Death to the Afterlife tells the story of Kaia (Lowri Mathias), a teenaged girl who has just left school and is unsure on what to do next. After taking Cycloexidone, she is transported to the afterlife, where she hopes to meet her mum. On the way, Kaia meets other characters who are reflecting on their old lives. It is a curious story with relatable elements, and combines both the natural and supernatural.
The performance relies heavily on tech to achieve its psychedelic impact, and this is certainly pulled off well. The blue light focussed on Lowri Mathias at the beginning of the performance is noticeable due to its intensity, and supports the eerie feel. The multi-coloured lights to portray the afterlife are also effective in achieving this. However, the room should be better lit at the beginning and end of the performance, so that people of disability can more easily navigate.
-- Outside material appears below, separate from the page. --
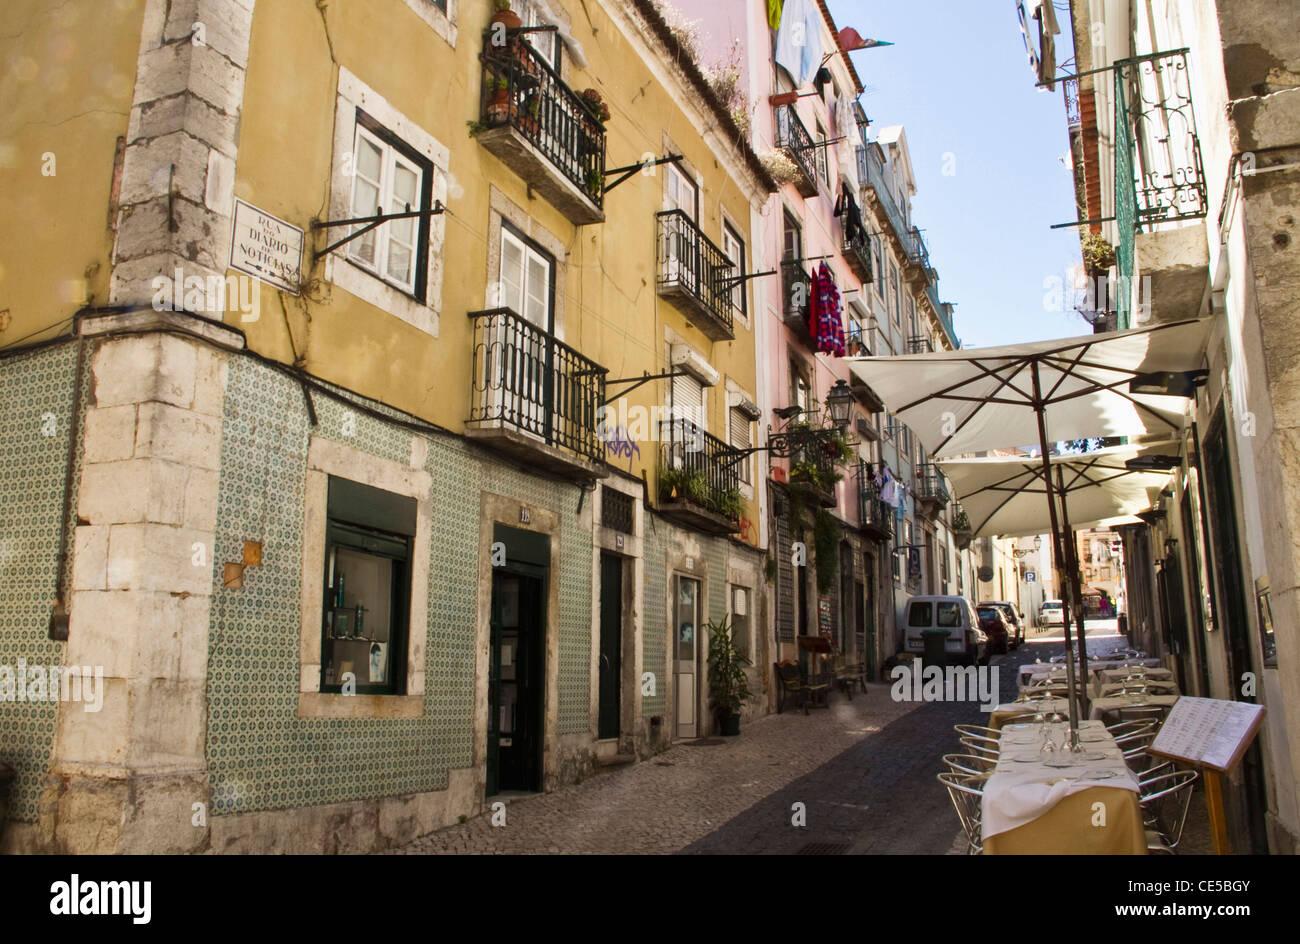 Portugal, Lisbon. Street in the Bairro Alto neighborhood. - Stock Image

Like the lighting, Wrong Tree Theatre’s employment of sound enhances the performance. It is impressive how the production team can convincingly combine daily sounds, such as the traffic, with supernatural voices experienced later in the performance.
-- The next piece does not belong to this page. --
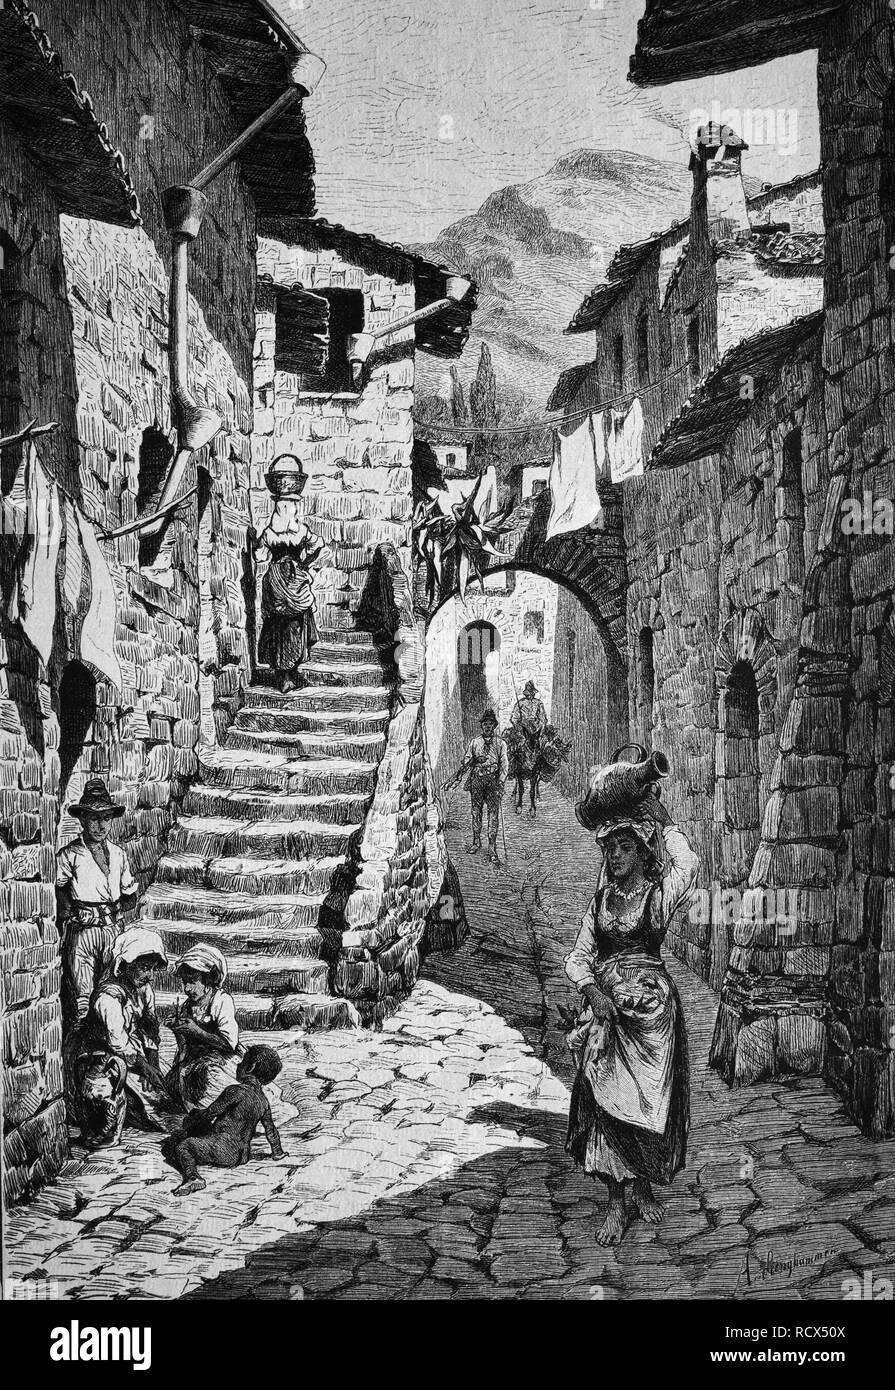 Main street in Gori, the regional capital of Shida Kartli, eastern Georgia, wood engraving, 1880 - Stock Image

Although a little shaky in places, the projection of various psychedelic shapes is helpful as an indicator of Kaia’s location. The pulsating back circle towards the end of the performance is strongest in reflecting this vibe. It could be used more consistently in every scene, however. The Cycloexidone advert is so realistic, that it is funny: it deservedly earns many laughs from the audience.
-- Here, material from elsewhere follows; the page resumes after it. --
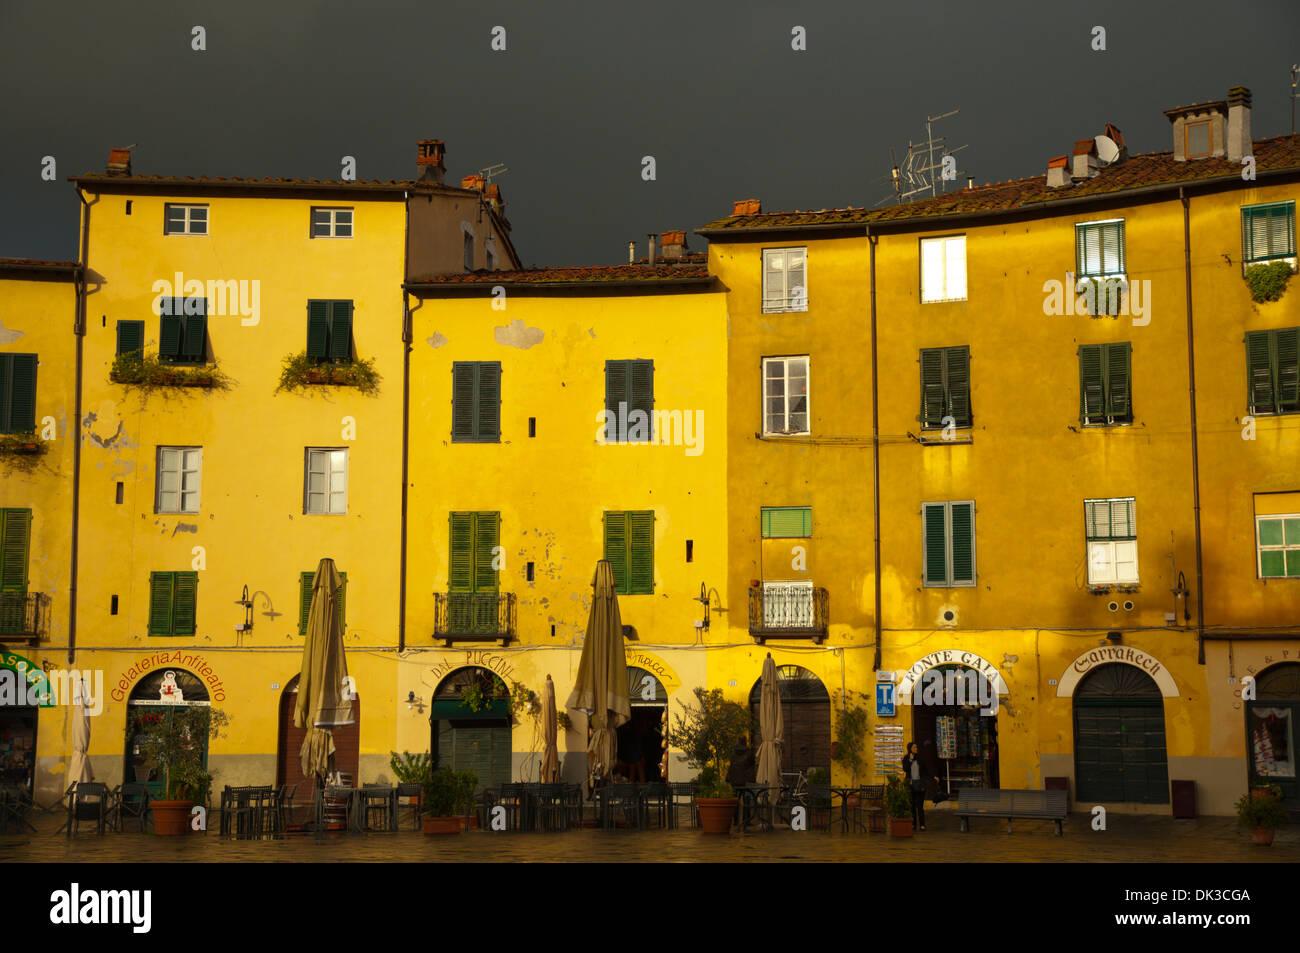 Piazza Amfiteatro square Lucca city Tuscany region Italy Europe - Stock Image

There are only four actors who play many characters very smoothly. They are both strong in their group choreography – especially in the afterlife – and individually. Lowri Mathias is brilliantly expressive, which adds a convincing element to the supernatural play. She also lessens any potentially cheesy lines through her deliberate hesitations. Carlotta Meyer is realistic as Kaia’s friend, and amusing in her role as a ‘mad scientist.’ In fact, she is especially entertaining in this role as a stereotypical, obsessive professor.
As a devised piece, the storyline verges on a little generic, but the tech and characterization ensure that the storyline does not seem overdone. The parodic TV interview is another comedic moment, and is supported by Tom Salter’s stick-on moustache. There are a few funny quips too, especially about the nightclub. These remind the audience of the relevance and part-normality of Kaia’s ordinary life with our own experiences.
The plot explores many themes in the space of an hour, but I think some parts could be developed further. For example, Kaia’s dad is mentioned lots by other characters, but the audience don’t learn much about him – more development of this could enhance the emotional aspect of Kaia’s search for her mum. Likewise, Kaia sets out to find her mum in the afterlife, but more emphasis is put on the other characters in the afterlife. I understand if this is a deliberate choice, but I believe that it hinders the plot’s development a little.
Death to the Afterlife is an eerie performance, with many strong aspects. Although the storyline could be developed a little, the acting and use of tech make up for any gaps. I would recommend the production if you’re looking for a psychedelic way to spend an hour.
Death to the Afterlife is on 16th-17th March at 8pm in The Birley Room Hatfield.